Nice! A very expressive pose.

I also like the work in your album.

All The Best
Chris Roberts


----------



## DLeeG

Thank you. That means a lot coming from you. Your paintings are remarkable.


----------



## DLeeG




----------



## croberts

*Thanks*

Thanks DLeeG for the kind words about my work.

I see the portrait taking shape in the second post with addition of shading. Very interesting watching the process. Thanks!

All The Best
Chris Roberts


----------



## DLeeG

I draw in layers. With each layer I make corrections and add more shape and details. I compare it to molding with clay but it feels like sculpting with a pencil.


----------



## Jeff

looking good Dleeg. im feeling her expression already


----------



## DLeeG

Thank you Jeff.


----------



## DLeeG




----------



## croberts

*Great Work*

Great work DLeeG. Really coming along now!

All The Best
Chris Roberts


----------



## DLeeG




----------



## DLeeG




----------



## DLeeG




----------



## Jeff

that's a lovely young lady. nice job Dleeg looking good!


----------



## DLeeG

Thank you Jeff. I sent her a text with a copy. Her response was "lovely". The photo that I am using was taken about 7 years ago.


----------



## DLeeG




----------



## DLeeG




----------



## DLeeG

I'm not satisfied with the picture I drew. When I compare it to the original, I am disappointed. I'm not sure if I can fix it. There might be too much to handle. I'm afraid that I will have to start over from scratch.


----------



## Jeff

if you want to re-draw it that's your choice, but I like it- plus remember sometimes its the small "mistakes" that end up making the piece something special. whatever you do, I would still keep this one.


----------



## DLeeG

It's fixable.


----------



## pencils

If you aren`t completely satisfied with it, why not try it again?...what have you got to lose?


----------



## DLeeG

pencils said:


> If you aren`t completely satisfied with it, why not try it again?...what have you got to lose?
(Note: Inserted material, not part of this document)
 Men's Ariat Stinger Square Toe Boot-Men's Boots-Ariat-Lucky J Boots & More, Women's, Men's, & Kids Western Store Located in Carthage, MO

Did you read my last post? I said that it is fixable.


----------



## pencils

Oh I see, you have the same approach as Bob Dylan has to recording music then.....get it in one take? Jesus, you really seem to take this inter net thing seriously don`t cha.


----------



## DLeeG

Thank you for your efforts, pencil.


----------



## DLeeG

*Finished*


----------



## Jeff

looks great dleeg


----------



## AZACRYLIC

Looking very good.


----------



## DLeeG

Thanks Jeff and AZ.


----------



## Adonoo

I really like the way you apply your medium, it gives
a great feeling of it being artistic and not just drawing.


----------



## DLeeG

Adonoo said:


> I really like the way you apply your medium, it gives
> a great feeling of it being artistic and not just drawing.


Great first post. Thanks


----------



## Master Snowy

DLeeG said:


> I draw in layers. With each layer I make corrections and add more shape and details. I compare it to molding with clay but it feels like sculpting with a pencil.


Well said! It's the same approach I use, in many ways.
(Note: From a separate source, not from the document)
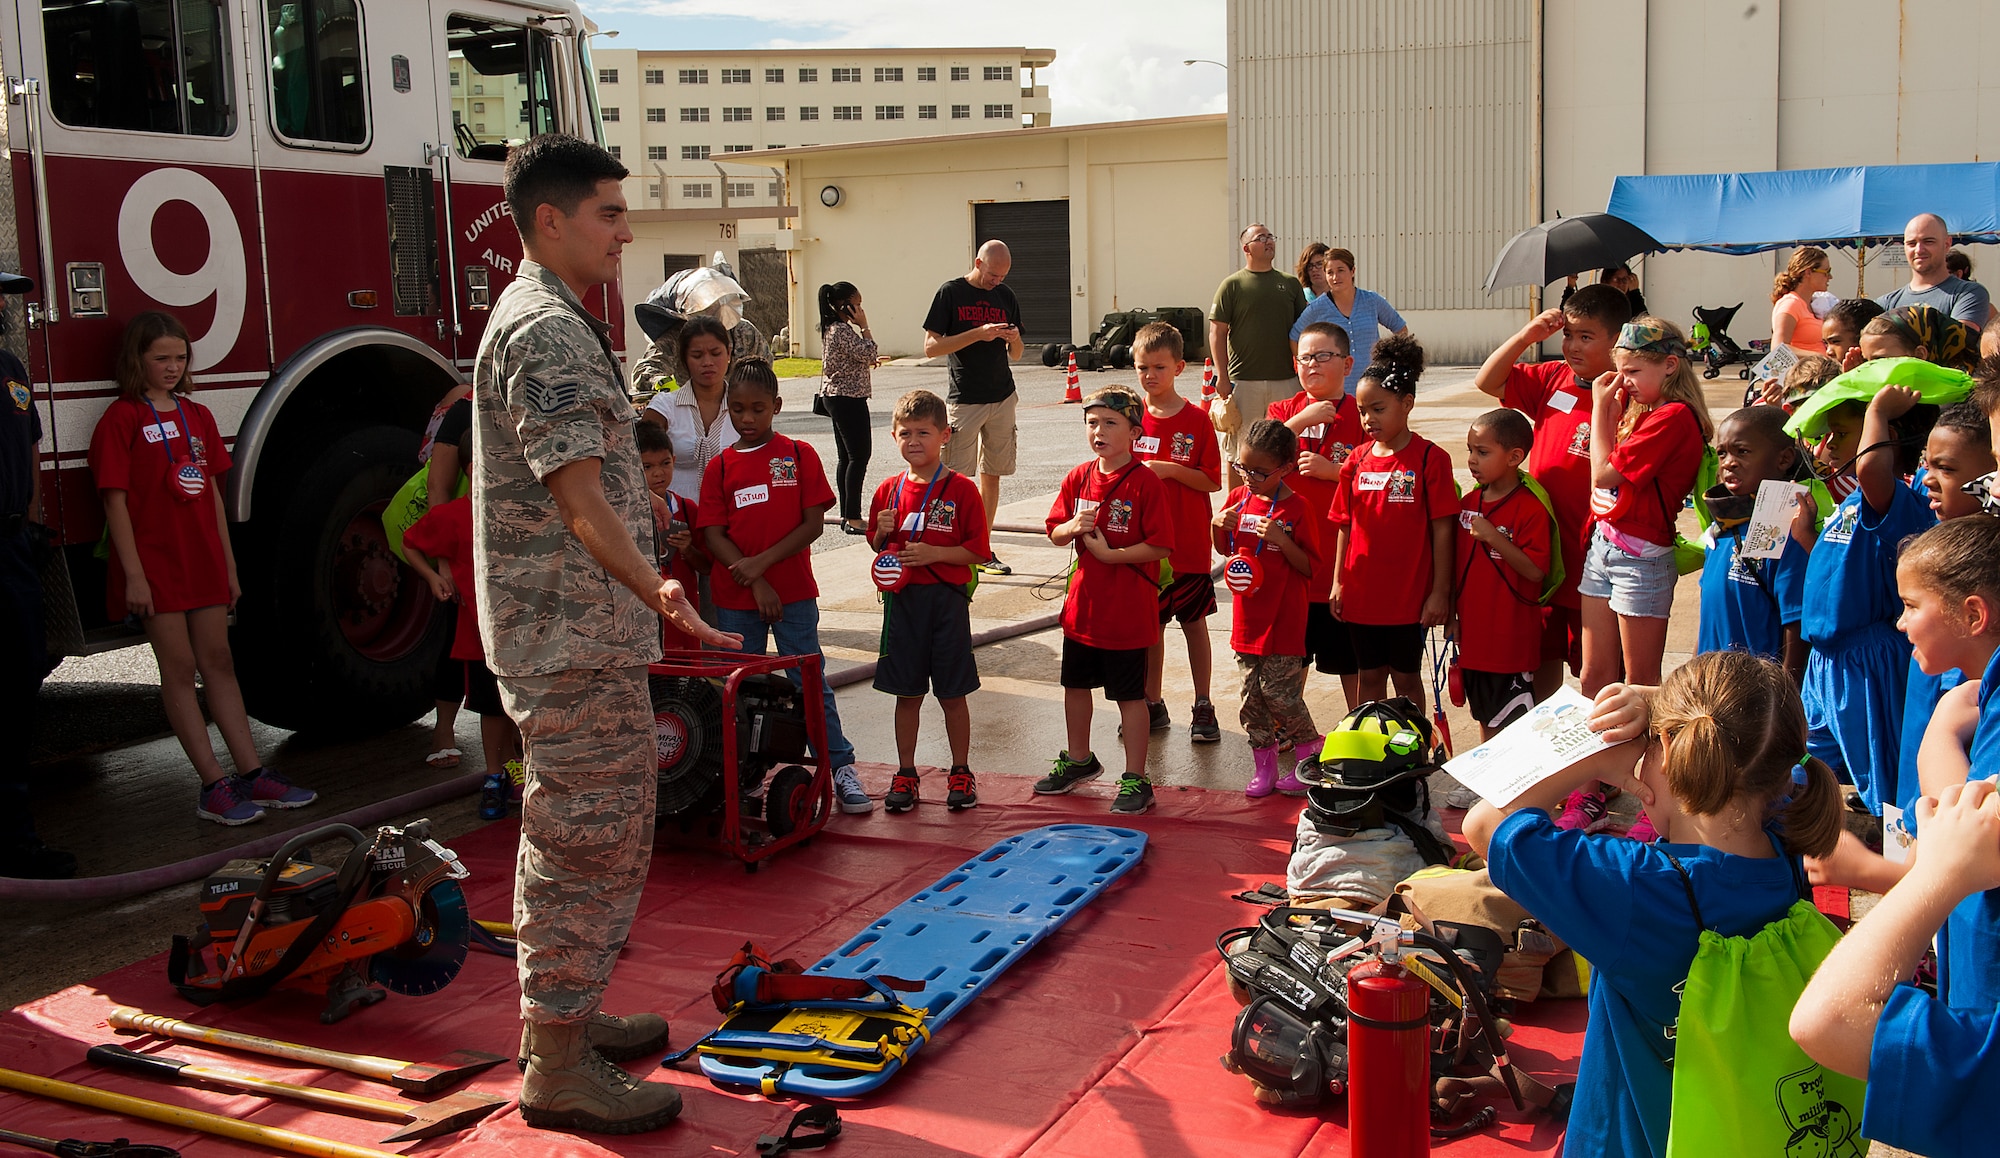 U.S. Air Force Staff Sgt. Juan Duarte, 18th Civil Engineer Squadron firefighter, teaches children about the different equipment that firefighters use on the job at Skoshi Warrior Nov. 14, 2015, at Kadena Air Base, Japan. This event helps military children understand what their parents go through while deploying and day-to-day operations by giving them a hands-on experience at some of the tasks military members go through. (U.S. Air Force photo by Airman 1st Class Corey M. Pettis)

There's perfection of expressions in your drawings. I really like them. It is a field in which I find it difficult to perfect my skills, and now that you have done it, it inspires me. Good stuff.


----------



## DLeeG

thanks snowy


----------



## just

Bump because of the beauty.


----------



## chanda95

She is a beauty!


----------



## Clinoart

Wuao very amazing!! i would like you to go on ClinoArt and tell me what you think about my works


----------



## just

Clinoart said:


> Wuao very amazing!! i would like you to go on ClinoeatshitArt and tell me what you think about my works


I think that is rude of you to high jack someone else's thread and put a link to your website. Just start your own thread.


----------



## chanda95

Clinoart said:


> Wuao very amazing!! i would like you to go on ClinoArt and tell me what you think about my works


Welcome to the forum. Please feel free to start your own thread showcasing your own art within that thread. Please upload your own art (as I see you have started to do) and in that thread you may ask our opinions of your work. Do not continue to hijack threads (as I see you have done with several other posts) where you ask us to go over to your link asking for our opinions. 
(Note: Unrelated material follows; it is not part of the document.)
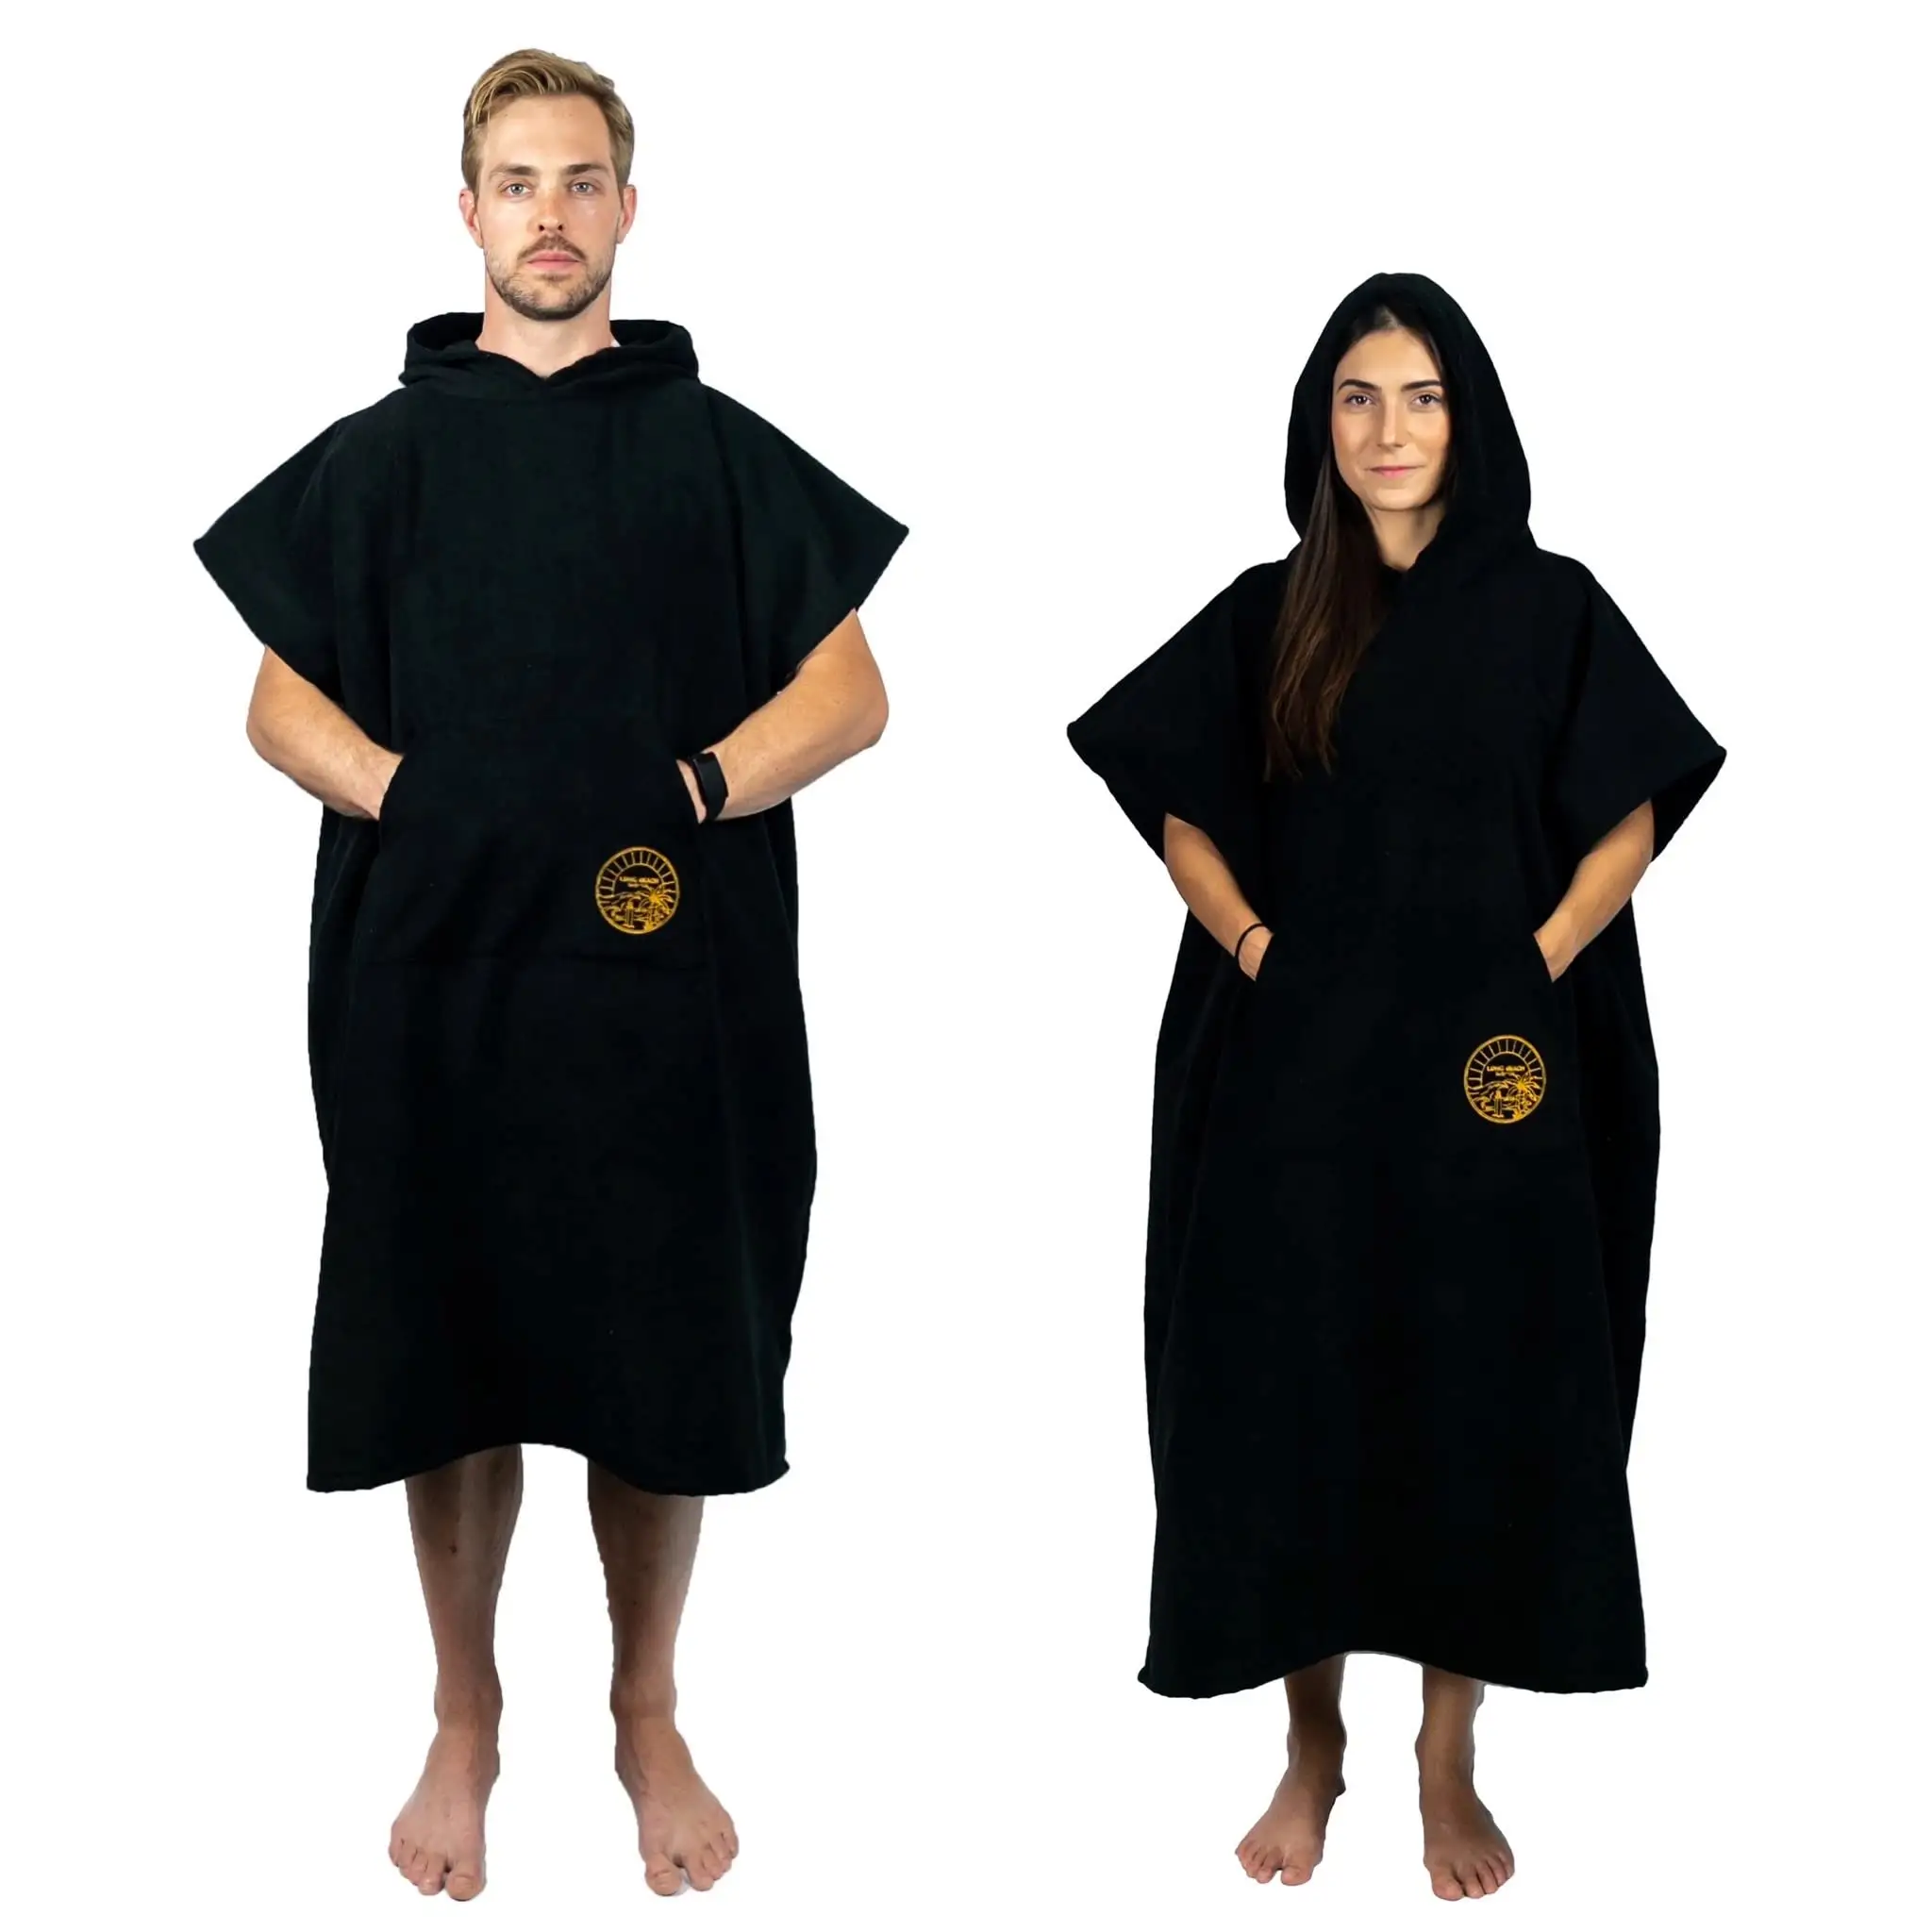 Poncho Towel Wholesale Customized Adults Hooded 100% Cotton Surf Poncho Hooded Beach Robe Towel surf changing robe

We welcome you to actively participate in the group but hikacking threads is not acceptable. I have removed/edited your responses in the other threads. We invite you to provide your own critique/praise on the works of others but that should be as far as it goes. In this thread the approriate response should have been "Wuao very amazing!!" and that should have been the end of it.


----------



## TerryCurley

When I first joined I accidently 'Hijacked" a thread from Wook simply because I didn't know what I was doing and thought I was creating a new thread in the category at the time. It's very easy to make those errors when you are bran new to this site because this site is not the most technically user friendly around. The moderator then could tell you that I got all mixed up early in the game.


----------



## just

He posted the same thing on multiple threads. He was making about him


----------



## chanda95

TerryCurley said:


> When I first joined I accidently 'Hijacked" a thread from Wook simply because I didn't know what I was doing and thought I was creating a new thread in the category at the time. It's very easy to make those errors when you are bran new to this site because this site is not the most technically user friendly around. The moderator then could tell you that I got all mixed up early in the game.


This individual did it 4 times. It was more than once therefore I deleted one because it had no discussion on the thread at all, just a "come see my site". The other three posts I edited to leave out the "come see my site" portion and left the rest.


----------



## TerryCurley

Yeah, I saw that after I wrote that comment about newbies not knowing what they are doing. You were right.


----------



## SherylG

Very nice work! So realistic!


----------



## just

SherylG said:


> Very nice work! So realistic!


Thank You. It is my favorite.


----------



## just

I thought I would revive my favorite thread for the new members who have not seen it and because I have not been able to draw for a while.


----------